Sadly, democratically elected politicians are a good analogy of commercial products. My problem is finding an analogy for public broadcasters in the political arena.

Social norms
There are psychological weak points unaccounted for in the market theory. Classical theory assumes rational demanders, who pay in proportion to the utility the goods provide. But there is another motivation factor: identity utility, derived by performing actions that conform to social norms (Akerlof & Kranton, 2010). This force explains phenomena like the rationally unexplainable concentrations of men and women in different job profiles. This is how (and not through some rational thought) the practice of paying thousands of times the value for bottled water is perpetuated. Companies with big market power realise this, and establish the norms that suit them by artefacts that obviously add no value for the society at large like advertisements. We could see how an overpowering social change like the Second World War could wipe the established irrational norms in job distribution: when there were no men to do the “manly” jobs, women filled the void, and thus created a new social norm.
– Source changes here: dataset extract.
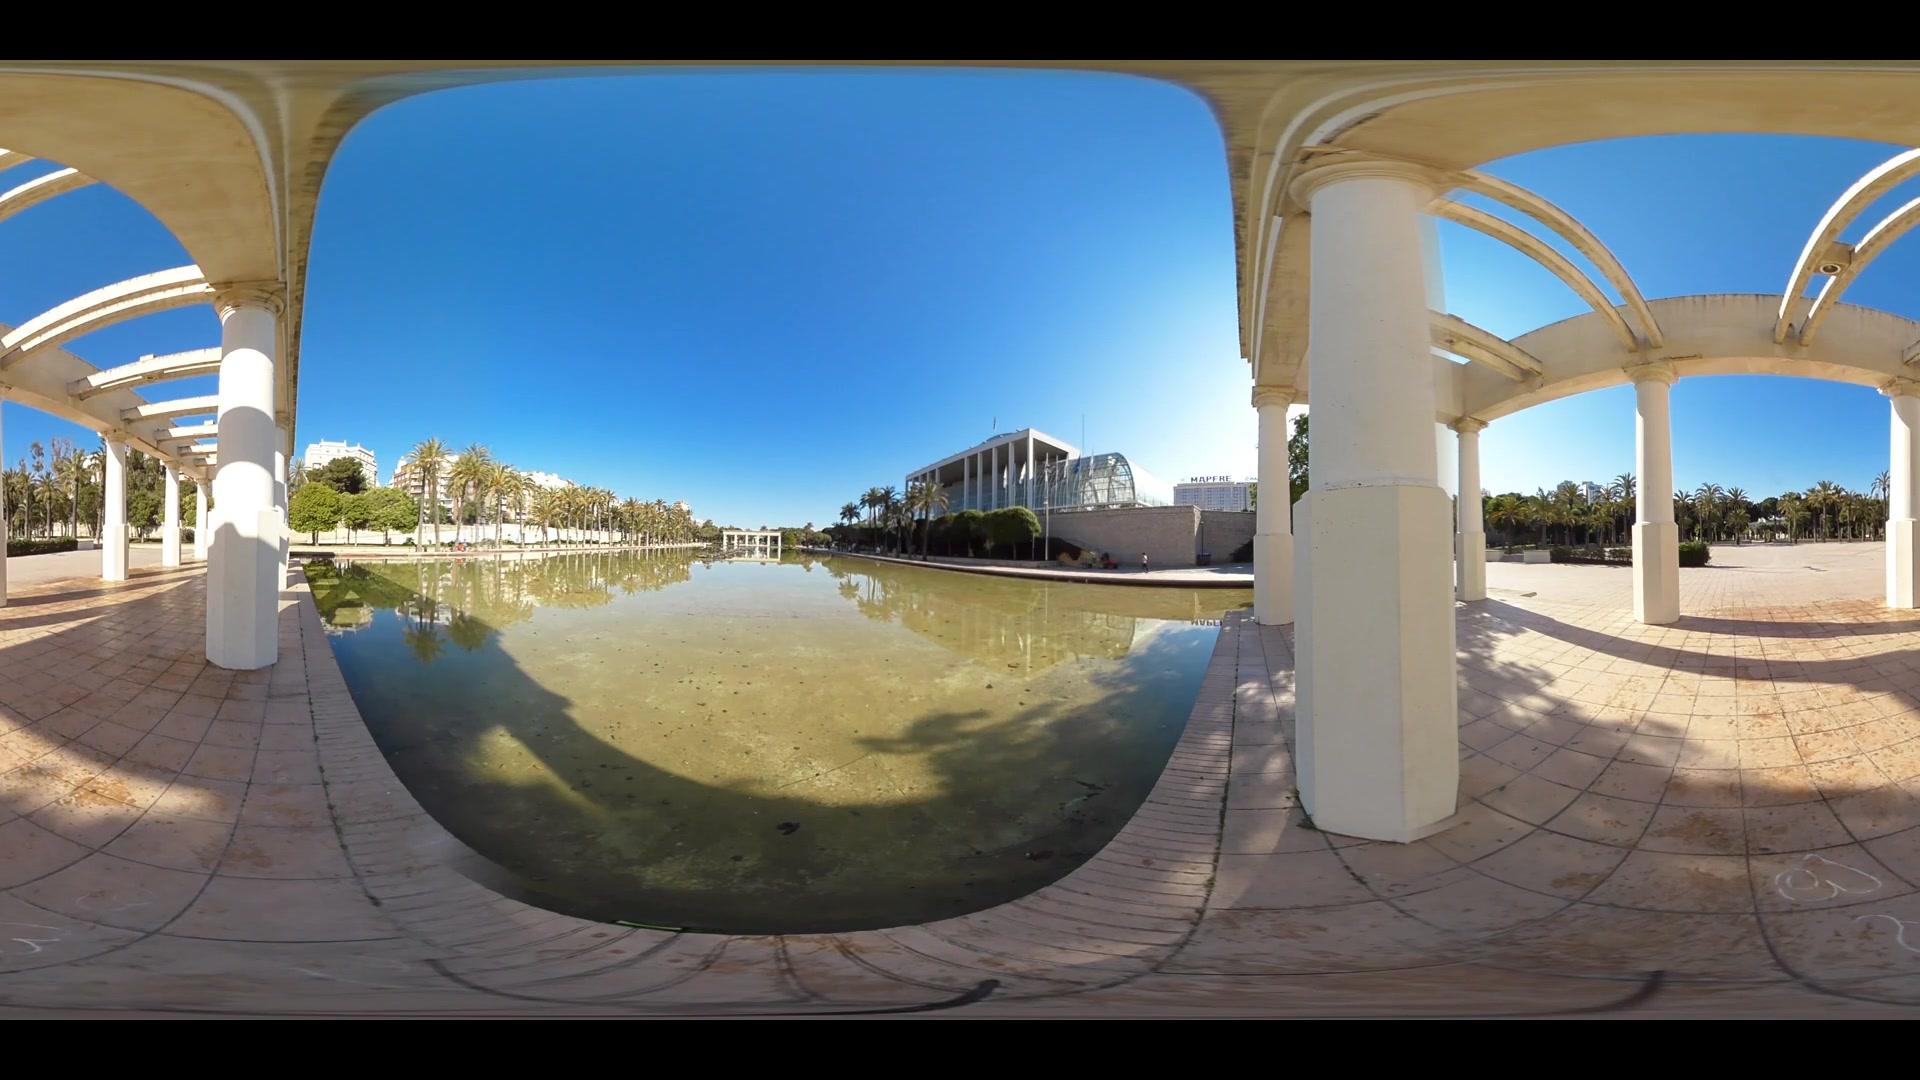 Virtual Reality 360 view from the Palau de la Musica in Valencia Spain

The end result is a more equitable and efficient labour force. Of course, we don’t need to create war to present a unified, overpowering force (central social planning?) to get rid of outdated norms inherited from different times, or inefficient and exploitative norms imposed by special interest. Hysterical slogans like “nanny state”, “big brother” will inevitably arise in the wake of such action. These slogans have their place, but not if a benevolent public representative with foresight exerts efforts to change what the market is never going to do on its own-another wrong application of a powerful idea, but that is another topic for another day.